What's more, these imaging tests have the potential to cause harm by exposing people to unnecessary radiation and by uncovering abnormalities -- such as a bulging disc -- that may not be causing the symptoms.
However, once such abnormalities are uncovered, they may be treated, potentially with an unneeded surgery, experts say.
And then there's the matter of expense.
"Health-care costs are increasing unsustainably, and a crucial concern for everyone is how do we maintain or improve the quality of care without increasing costs? One way is for physicians to stop ordering tests that may not be beneficial," said Dr. Amir Qaseem, one of the authors of the back pain guidelines, and director of clinical policy in the medical education division of the American College of Physicians (ACP) in Philadelphia.

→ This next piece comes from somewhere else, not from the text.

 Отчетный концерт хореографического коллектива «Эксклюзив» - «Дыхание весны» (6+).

The new guidelines on diagnostic imaging for people with low back pain are published in the Feb. 1 issue of the Annals of Internal Medicine.
Almost everyone will experience back pain at some point in their lives, according to the U.S. National Institute for Neurological Disorders and Stroke. The costs of treating low back pain are staggering: the ACP guidelines estimate that about $90 billion is spent each year in the United States on low back pain. In 1997, the average cost of treating one patient with back or neck problems averaged $4,795, according to the ACP. By 2005, that amount had climbed to $6,096.

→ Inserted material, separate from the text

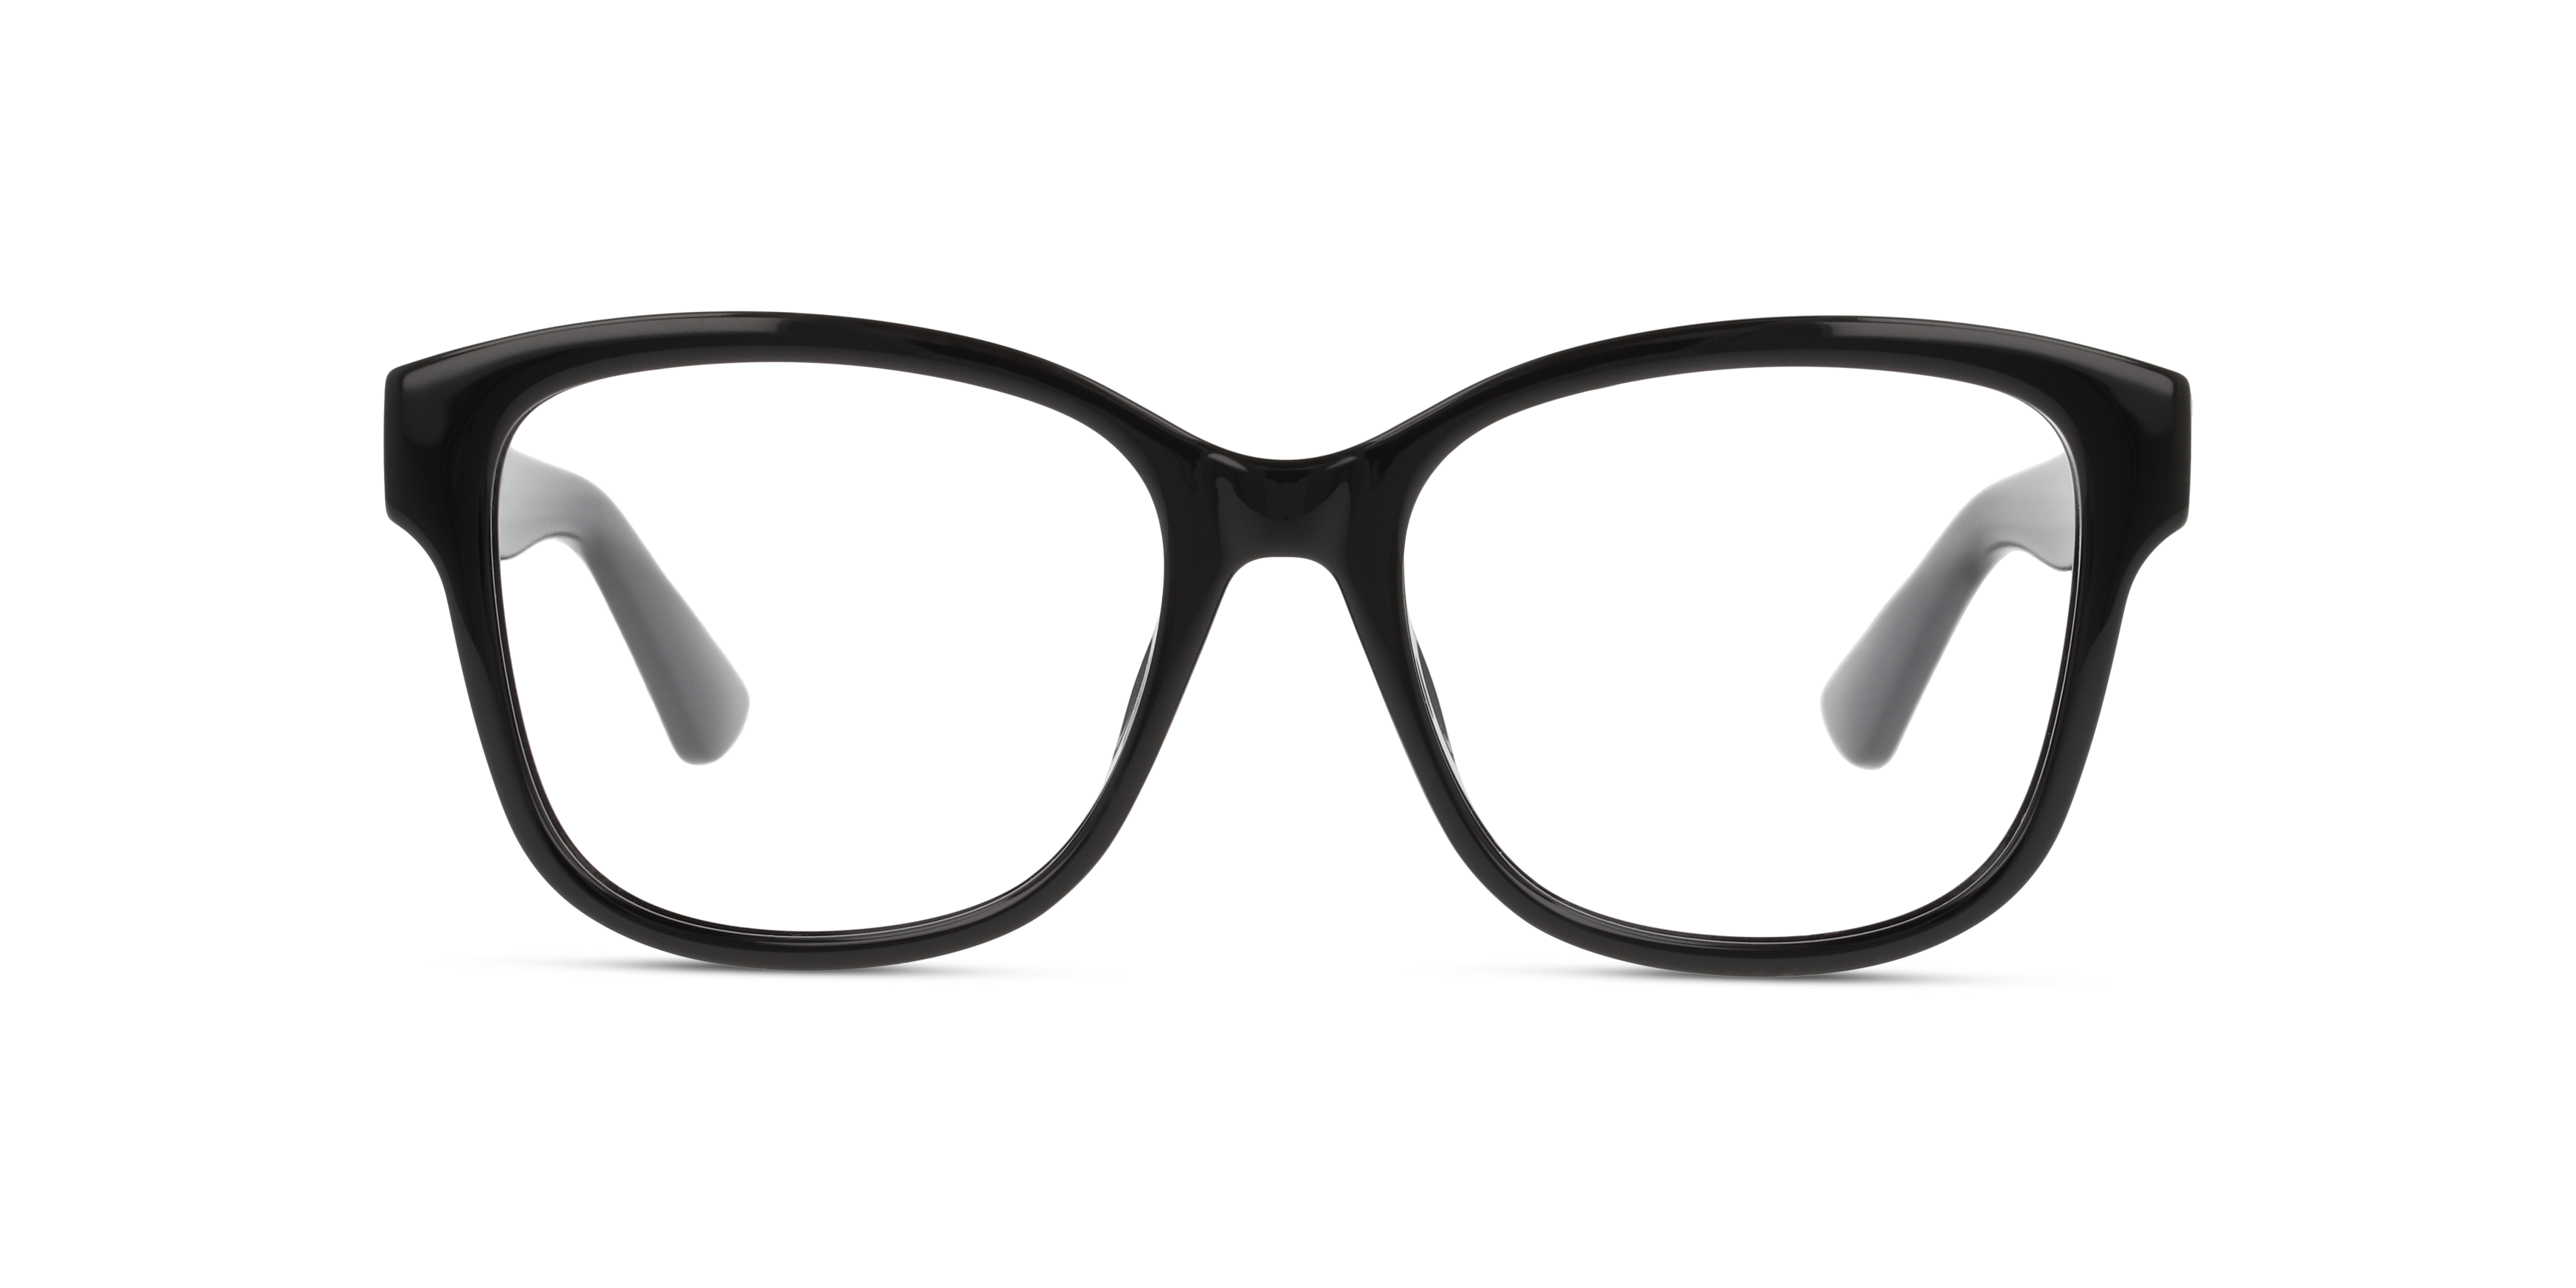 langsom Forbandet løst Gucci solbriller | Prøv dem online | Fri fragt. Fri retur | Synoptik

Imaging tests make up a significant portion of those costs. The bill doesn't only include the test, but follow-up that might occur afterward such as additional tests, referrals and additional treatments that sometimes include surgery.
Despite this increase in spending, the ACP cite data from six different studies that found that people with spine problems who got radiological tests had similar or worse scores on quality of life and physical functioning assessments a year later, compared to patients who went without the scans.
One of the reasons that the increased spending may not be improving outcomes is that most people with back pain will get better on their own -- no matter what tests or interventions are done, the ACP experts said. In fact, they say, most people with acute back pain will begin to feel better within a month.
Overall, the results of X-rays, CT scans and the like rarely affect treatment plans, says the ACP, and if an abnormality is found on an imaging test, it can be difficult to know if that's the cause of the symptoms or if it was always there.
For example, in one study of people over 60 who did not have any back pain, the ACP reports that 90 percent had either spinal disc degeneration or a bulging disc in their back, and another 21 percent had narrowing in their spinal canal.
"Essentially, using routine imaging is not benefiting patients and it may even be harmful, because it can lead to further unnecessary additional tests, perhaps invasive procedures and increased radiation," said Qaseem.
So, what drives doctors to order these tests? Qaseem said there are a number of reasons. One is that physicians may feel that a patient expects a diagnostic test. Another is "defensive medicine," when a doctor orders a test to be sure he or she hasn't somehow missed an unusual condition. The wider availability of scanning technology may play a role, as may certain financial incentives, he said.
Dr. Anders Cohen, chief of neurosurgery and spine surgery at The Brooklyn Hospital Center in New York City, agreed that patient expectations and a concern about malpractice are significant contributors to the overuse of imaging for back pain.
"Back pain is one of the more poorly understood aspects of medicine, and diagnosing and treating low back pain can be a tricky diagnosis, even for people who do it full-time. But there does need to be some curtailing in the use of imaging, because diagnostic costs are getting out of control," said Cohen.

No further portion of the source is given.